* Problem
Nothing outside the lines below from the one containing "SPI Report - EMEA-Consulting" through the one containing "Image of black tree fern" is to be printed; print those exactly, ends included, and drop the pictures.

* Data in this exercise
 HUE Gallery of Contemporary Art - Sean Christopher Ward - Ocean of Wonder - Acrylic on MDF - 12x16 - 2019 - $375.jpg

...

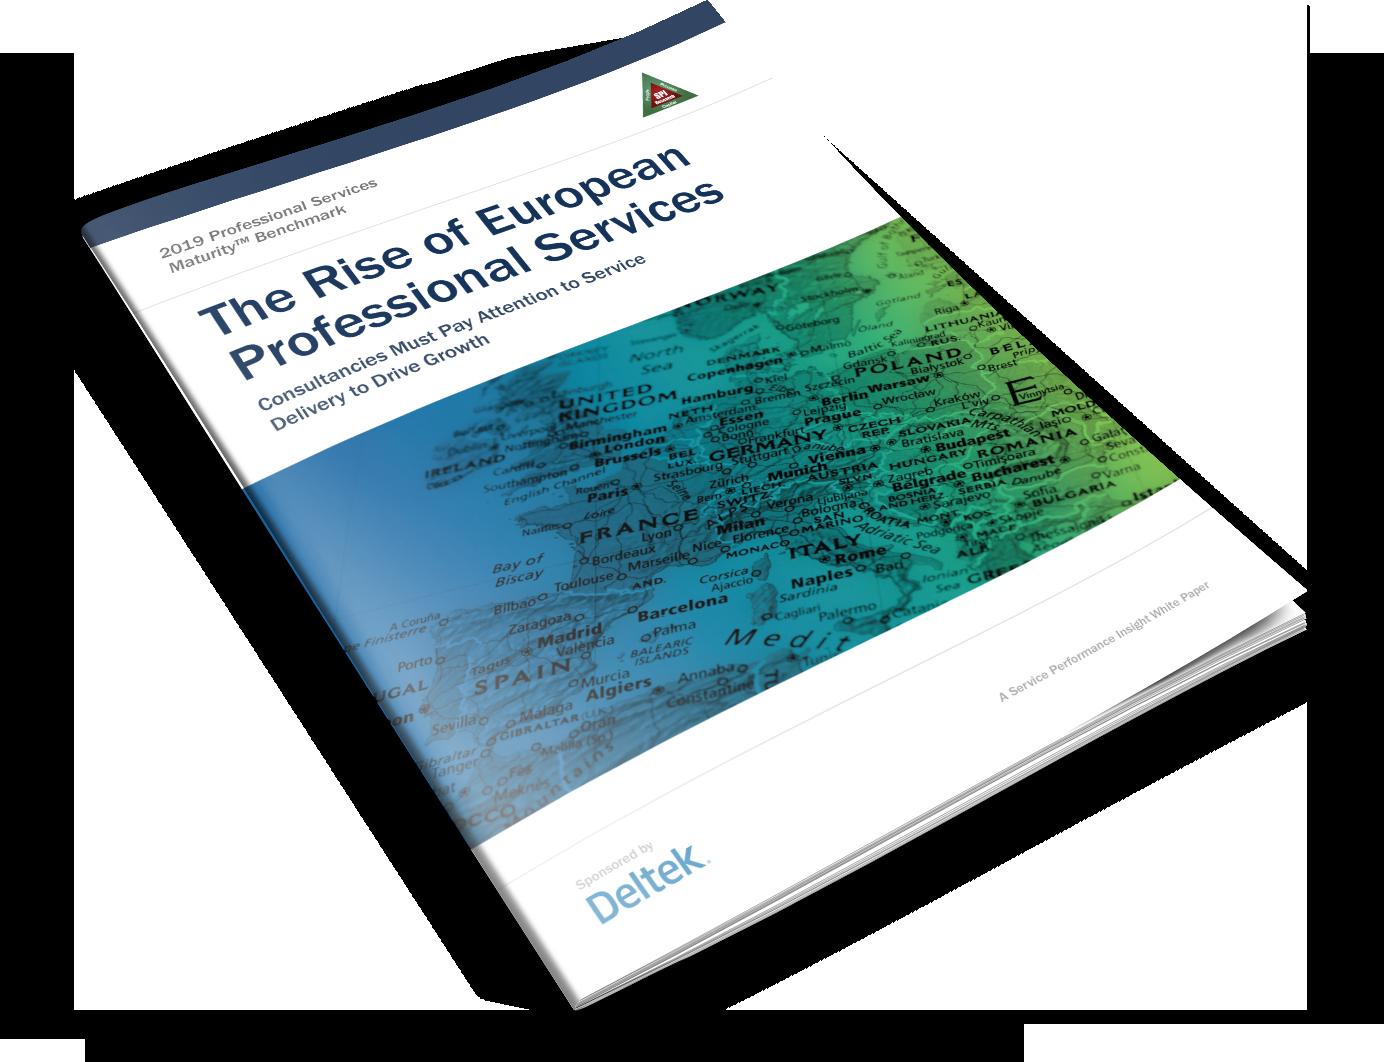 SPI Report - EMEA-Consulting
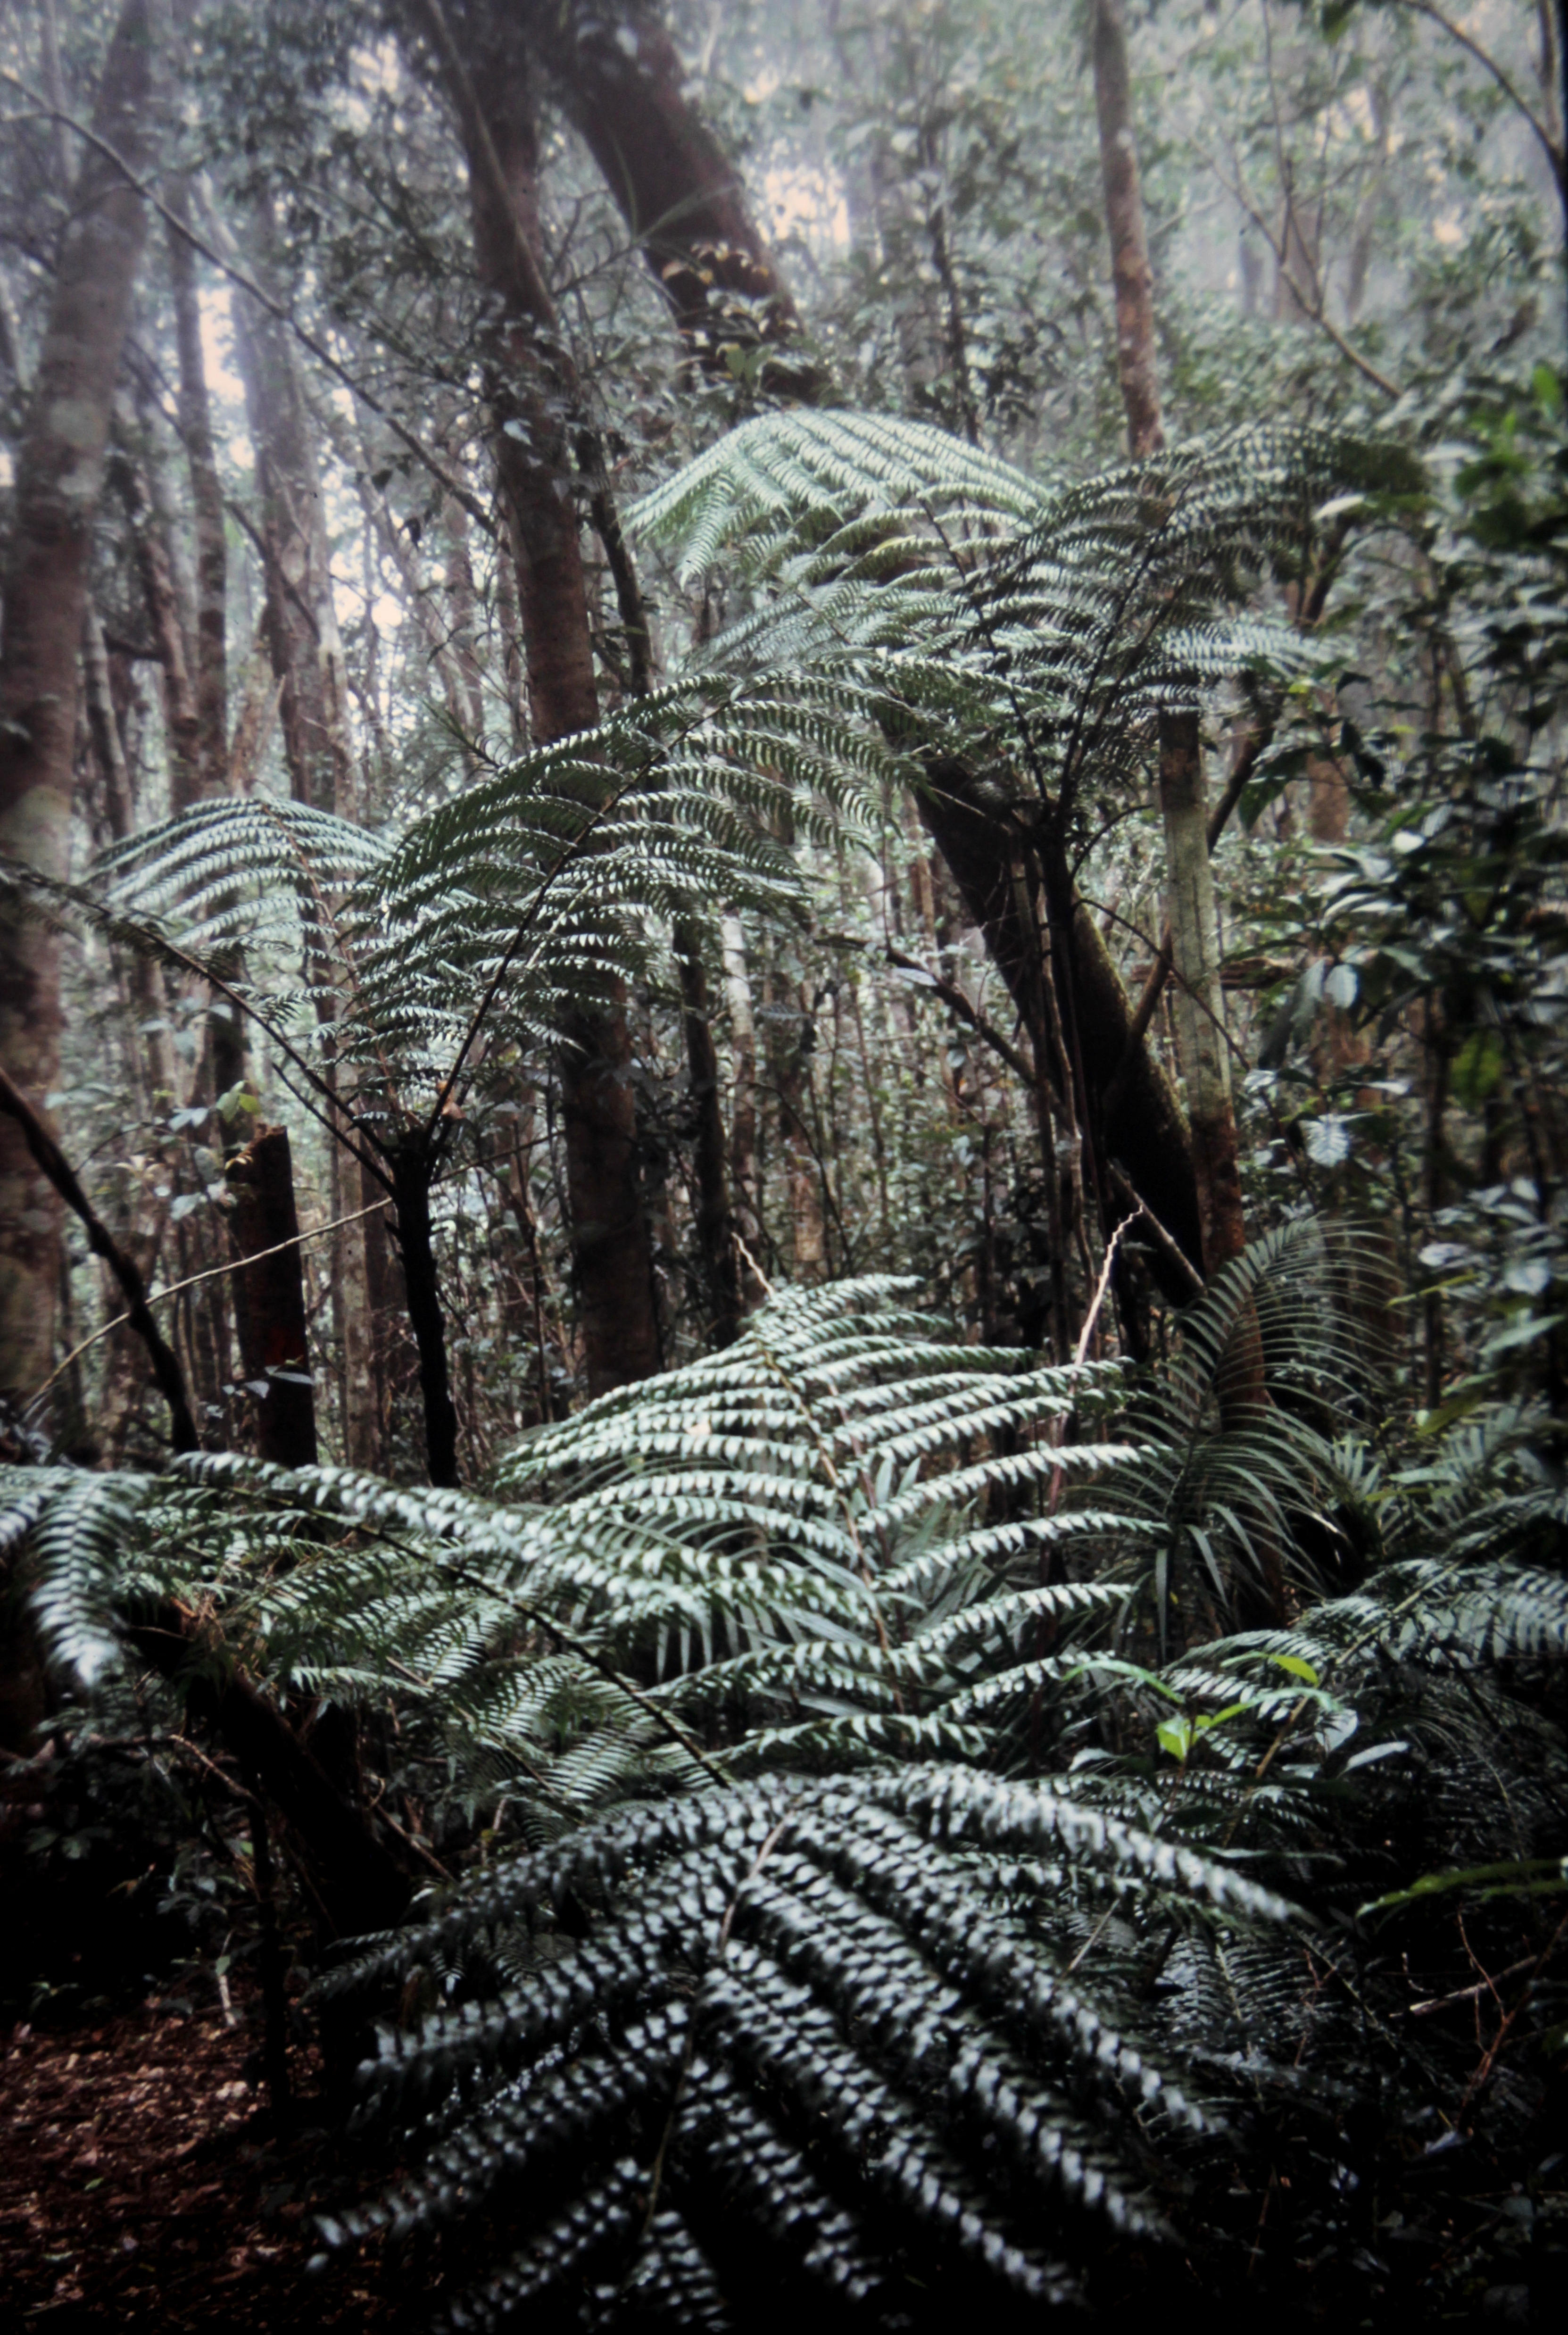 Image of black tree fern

* Exercise solution
 SPI Report - EMEA-Consulting
 Image of black tree fern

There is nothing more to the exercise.